Mostly keeping me warm.


----------



## squiggs (Oct 19, 2009)

As above.
It takes a bit longer as at the application stage of most products panel temps should be 20 degs and it's more or less impossible to keep them at that temp whilst you're in the way of the lamps and physically working on the panel, so as you finish and move away you push your lamps closer and then have to wait for the panels to warm up.
The coldest I ever worked at was minus 5 degs ..... (weather forecast said the freezing fog was going to lift and it didn't!) The job took ages - and I had to suddenly consider other things such as keeping all my products from freezing in my van and warming my spray guns up before use.
Although the job turned out fine with no comebacks it's not the sort of conditions I ever want to be caught out in ever again - if for no other reason than I was absolutely freezing when I finished and it took me at least 4 hours before I was thawed out.


----------



## Scoobycarl (Aug 13, 2011)

I take my hat off to you squiggs for working with those conditions ! I have a unit that gets quite cold and damp but have a diesel space heater that warms the booth to get panel temps around 18 degrees in about half hour and that tests my patience waiting for that so i dont think i would enjoy what you guys put up with !


----------



## enc (Jan 25, 2006)

i have a wheel i need to clear coat. managed to prep and base coat it on saturday and was hoping to get it finished but the afternoon chilled down quickly bringing with it the damp 

what lamps do you use to warm the panels squiggs ?


----------



## enc (Jan 25, 2006)

SamD said:


> Tent up, dry everything and if it's really cold I just keep my lamps on to warm everything.
> Mostly keeping me warm.


be interested to see pics of your set up mate.


----------



## squiggs (Oct 19, 2009)

enc said:


> what lamps do you use to warm the panels squiggs ?


This type of thing
http://www.anest-iwata.co.uk/catalogo.asp?Area=1&cat=13


----------



## SamD (Oct 24, 2015)

enc said:


> be interested to see pics of your set up mate.

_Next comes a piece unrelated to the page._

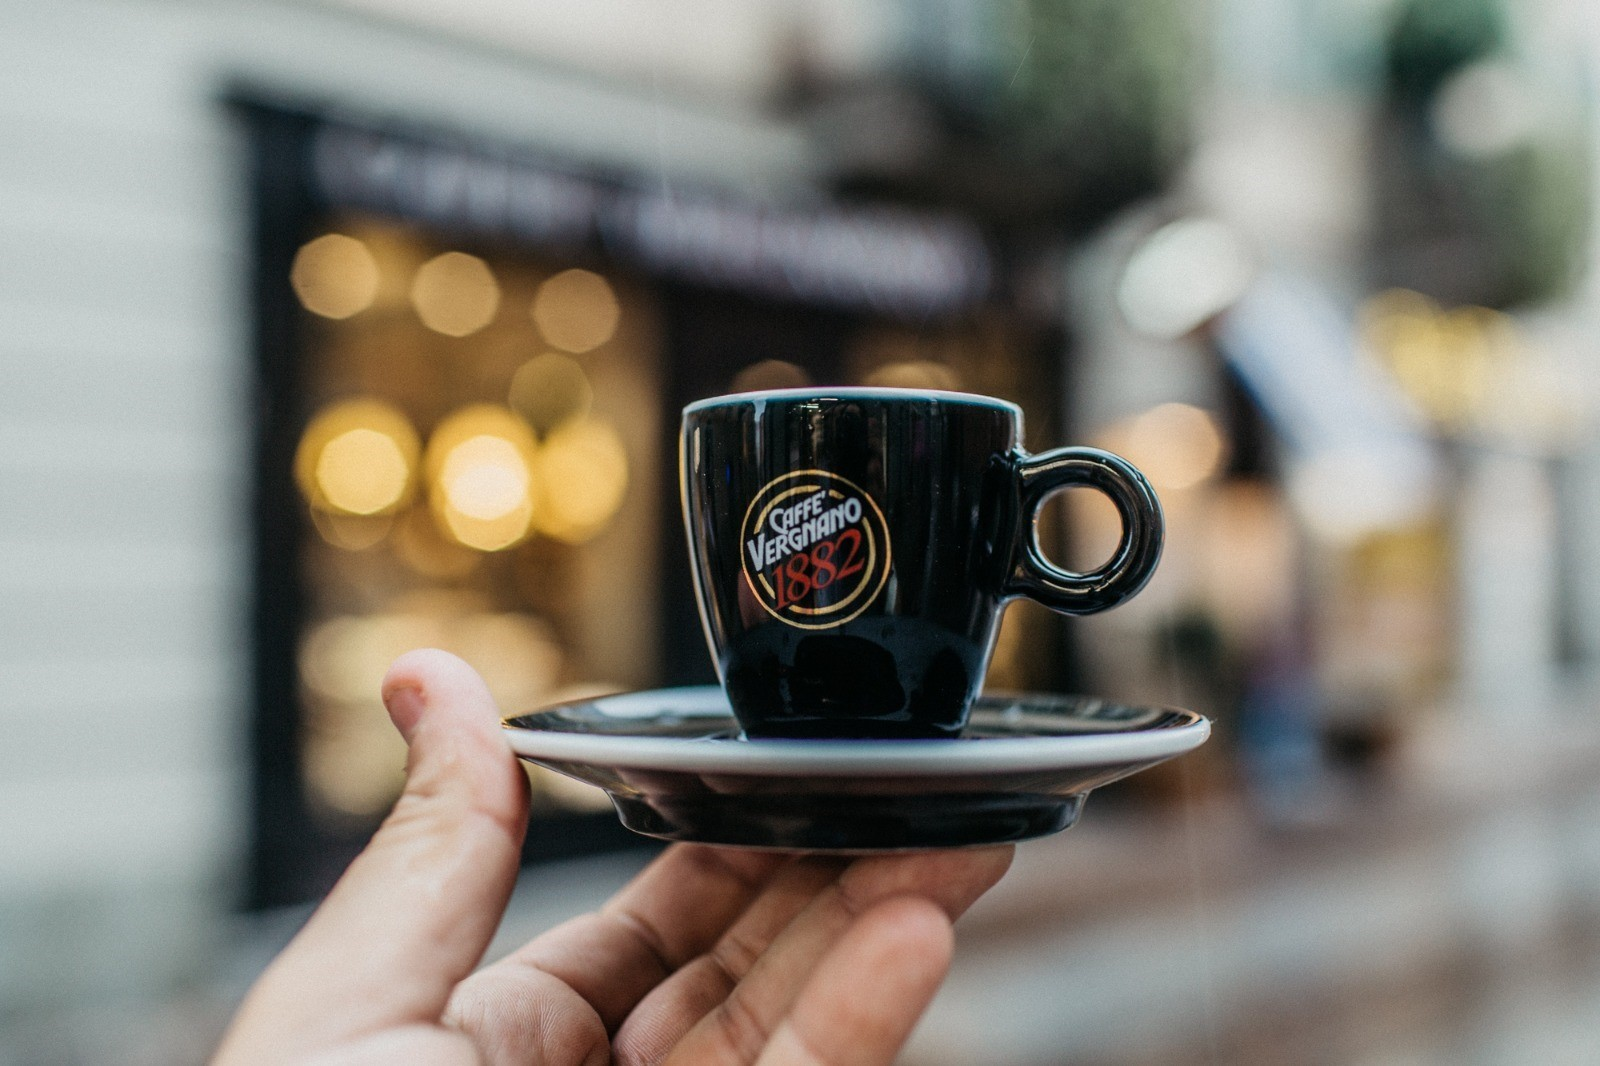 vrai café napolitain

My van set up is compact, my tent comes out if I even see a grey cloud 15 miles away and in summer it's out to keep the panels cool also.


----------



## Scoobycarl (Aug 13, 2011)

I would like one of those tents for when theres not much room in my shop i can fit up n polish/clean cars outside ? Do you have a link mate for them ? Thanks


----------



## SamD (Oct 24, 2015)

As always cheaper tents are available I suggest a steal frame with removable sides, plenty of variety on this site.

http://www.dancover.co.uk/canopies.htm


----------



## Scoobycarl (Aug 13, 2011)

Cheers mate nice one


----------



## enc (Jan 25, 2006)

SamD said:


> My van set up is compact, my tent comes out if I even see a grey cloud 15 miles away and in summer it's out to keep the panels cool also.


Nice set up :thumb:


----------



## enc (Jan 25, 2006)

below is our gazebo being put to good use ...i was using it to keep the sun off !! 
thing is, its at least a 2 person job to put up  ... easier with 4 !
wouldnt be much use at keeping rain off though


----------



## SamD (Oct 24, 2015)

Thanks, better the tent the more you spend, with mine it only needs one person to pull it apart and set it up I can't remember how much I paid but it was around £400+.


----------